Protests against forest agreements
Environmentalists staged protests across the country on March 31 against the failure of regional forest agreements (RFAs) to protect old-growth forests from logging.
In Melbourne, conservationists condemned Steve Bracks' Labor state government and the federal Coalition government for signing two RFAs for Gippsland and for the state's western forests. According to Friends of the Earth (Victoria), state government advisers confirmed that the RFAs would entrench clear-felling and woodchipping for 20 years. The two governments withheld the RFA documents and maps until late afternoon on Friday, March 31.
In Sydney, the Wilderness Society led a protest by 100 people against what it described as "a death warrant for native forests in NSW". The signing of the state's RFA signalled "a new era of unfettered woodchipping and mass extinctions", the group said.
The state Labor government plans to spend $18 million acquiring private land for the woodchippers, expenditure which has been questioned by the NSW auditor-general.
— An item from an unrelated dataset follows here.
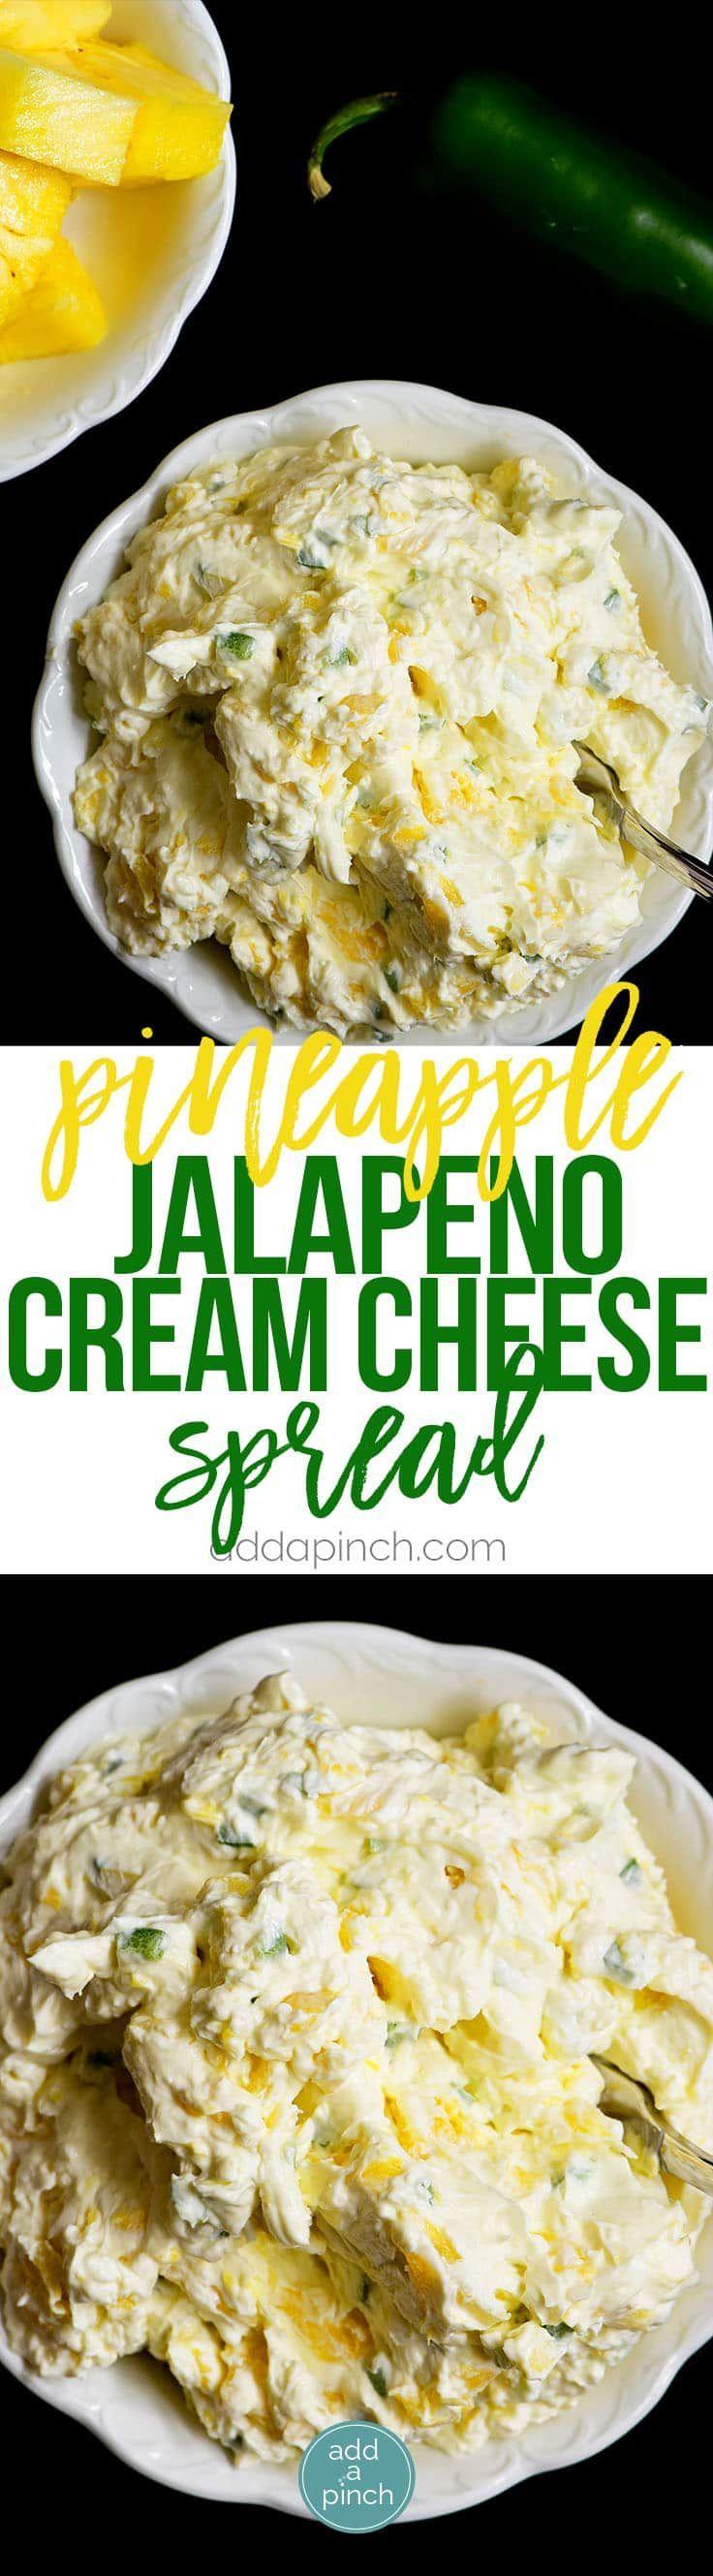 Pineapple Jalapeno Cream Cheese Spread - Deze snelle en eenvoudige recept komt samen in een handomdraai met slechts vier ingrediënten!  Deze zoete en kruidige crème smeerkaas is perfect voor sandwiches, wraps, crackers of bagels!  // addapinch.com

From Canberra, Josephine Hunt and Ruth Ratcliffe report that 130 people gathered outside Parliament House. Speakers, including Christine Milne from the Greens, ACT Labor's environment spokesperson Simon Corbell and long-time environmental campaigner Alec Marr, said the RFA had been strongly influenced by industry interests.
Keri James from the newly formed Canberra Forest Alliance told Green Left Weekly that the rally was "a good way to start the ball rolling" and that the public is becoming "more aware that we need to act now in this critical time".
More than 200 protesters formed a giant "people's tree" on the lawns of Parliament House in Hobart, reports Alex Bainbridge. Another 100 rallied in Launceston. Sawmill owner Kim Booth told the Hobart rally that export woodchipping was responsible for job losses in the timber industry, especially since the 1997 Tasmanian RFA was signed.
Greens senator Bob Brown said in a media release: "The failure of the RFAs leaves the government's forest policy in disarray and today's protests mark the start of a new push to protect Australia's forests and wildlife".